IBM used AMD’s other not-so-secret weapon to deliver yet another brain-like chip — NorthPole is faster and uses less energy than Nvidia’s best AI GPU and it’s only the beginning

Key Takeaways:

– IBM’s NorthPole chip is 25 times more power efficient than commonly used GPUs and CPUs.
– The chip is built on the TrueNorth architecture and achieves high performance in terms of latency and space required to compute.
– The chip has memory embedded in each of its 256 cores, eliminating the need for separate memory connections.
– NorthPole comprises 22 billion transistors and can perform 2,048 operators per core.
– The chip eliminates the Von Neumann bottleneck by blurring the boundary between compute and memory.
– AMD has also tapped into the concept of combining memory and compute on a single component.
– NorthPole is well-suited for emerging AI use cases and edge applications that require real-time data processing.

TechRadar:

IBM’s NorthPole chip – nearly ten years in the making – is going from strength to strength and achieved a new milestone with researchers publishing a set of fantastic benchmarking results in the journal Science.
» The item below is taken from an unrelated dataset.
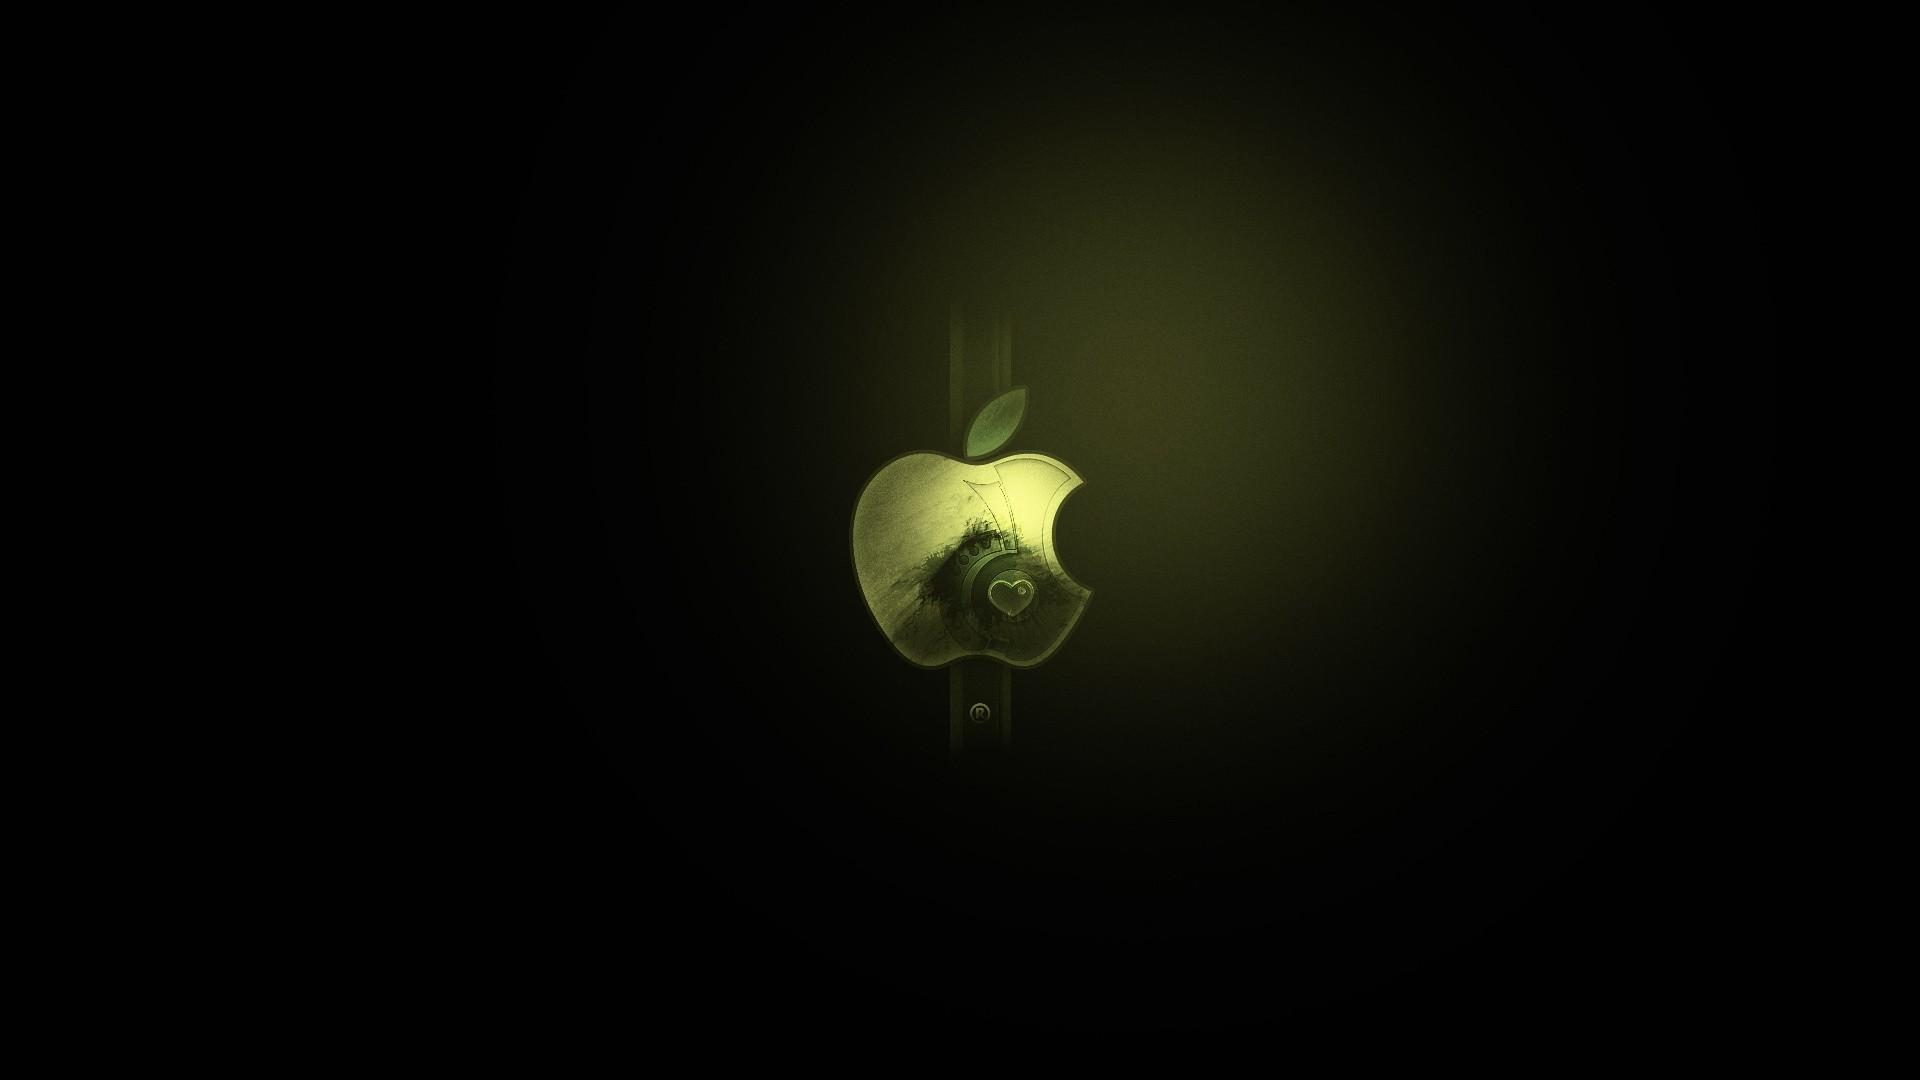 Wallpaper logo, black, white, apple, mac, minimalist

The 12nm chip, built on the TrueNorth architecture, is 25-times more power efficient than commonly used 12nm GPUs and 14nm CPUs. This is according to testing on the ResNet-50 model, and was measured as the number of frames interpreted per joule of power. 

Source link

AI Eclipse TLDR:

IBM’s NorthPole chip, which took nearly ten years to develop, has achieved a significant milestone with researchers publishing impressive benchmarking results in the journal Science. The chip, built on the TrueNorth architecture and using a 12nm process, is 25 times more power efficient than commonly used 12nm GPUs and 14nm CPUs. This efficiency was measured by testing the chip on the ResNet-50 model and calculating the number of frames interpreted per joule of power. In addition to its power efficiency, the NorthPole chip also outperforms all major architectures, including a GPU implemented using a 4nm process.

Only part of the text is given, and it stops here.